Viver para Contar: Gente Rasca
António Zambujo fez um comentário bem-humorado sobre um decote. O que foi dizer! Levantou-se um gigantesco coro de protestos e choveram as inevitáveis acusações de ‘machismo’.
Um dia destes, num concurso televisivo qualquer, uma cantora que dá pelo nome de Áurea surgiu com um decote bastante revelador. Os atributos físicos da jovem foram objeto de muitos comentários, e num blogue foi publicado um vídeo humorístico onde aparecia o decote da cantora em grande plano – mas, subitamente, na abertura da camisa surgia a espreitar… Pedro Abrunhosa.
Assim, na sessão seguinte do programa, Áurea surgiu com uma blusa rigorosamente fechada mas vestindo uma sugestiva minissaia. Então, o cantor António Zambujo, júri do mesmo concurso, fez um comentário bem-humorado: «O Pedro Abrunhosa a semana passada saiu por cima, esta semana sai por baixo».
O que Zambujo foi dizer! Logo se levantou um gigantesco coro de protestos! Choveram as inevitáveis acusações de ‘machismo’ e outras piores. Perante este ataque, vendo-se acossado por vários lados, António Zambujo acabou por se confessar arrependido da piada que dissera.
Este episódio é um bom exemplo dos tempos hipócritas que vivemos.
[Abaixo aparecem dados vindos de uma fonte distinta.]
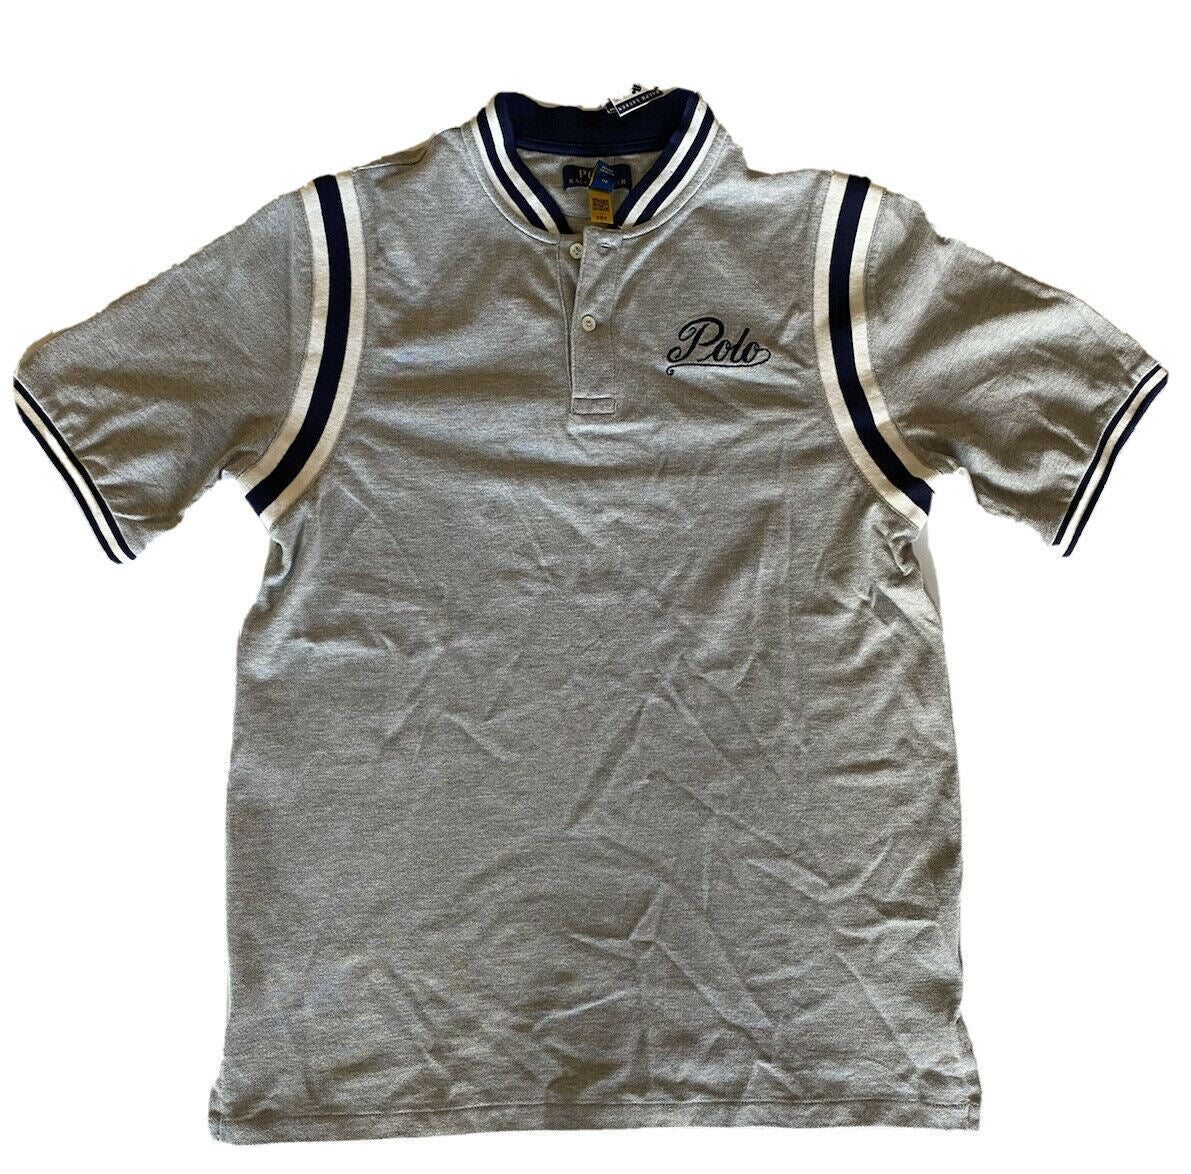 NWT $79.99 Polo Ralph Lauren Tiger Boy's Polo Tee Size M (10-12)

As redes sociais estão cheias de insultos, de palavrões, de ódio, o espaço público está cheio de ‘obras’ brejeiras (vejam-se as cantigas de Quim Barreiros com expressões como «o bacalhau quer alho» ou «mete o carro, tira o carro na garagem da vizinha»), as livrarias expõem nas montras títulos tão eruditos como Para Cima de P…, mas de repente toda a gente se sente escandalizada com uma observação picante mas absolutamente inocente, e até com graça.
Enquanto a maior parte dos comentários que circulam na net são simplesmente ordinários, de mau gosto, revelando pessoas com maus fígados, o comentário de Zambujo era bem aplicado à situação e revelava um certo humor. Acredito, de resto, que Áurea não se tenha sentido ofendida. E Abrunhosa ainda menos.
Mas a ‘malta’ não perdoou a Zambujo. Porquê? Porque hoje pode fazer-se tudo, pode dizer-se tudo, pode chamar-se «palhaço» ao Presidente da República, só não se pode dizer algo que de perto ou de longe fira o ‘politicamente correto’. Aí, fica o caldo entornado! A frase que soe a piropo, a graça que sublinhe os atributos femininos, é imediatamente catalogada de ‘machista’ e julgada em tribunal popular. As pessoas vigiam-se, policiam-se, denunciam-se, apontam o dedo aos ‘hereges’ que não cumprem os códigos, que desafiam a cartilha.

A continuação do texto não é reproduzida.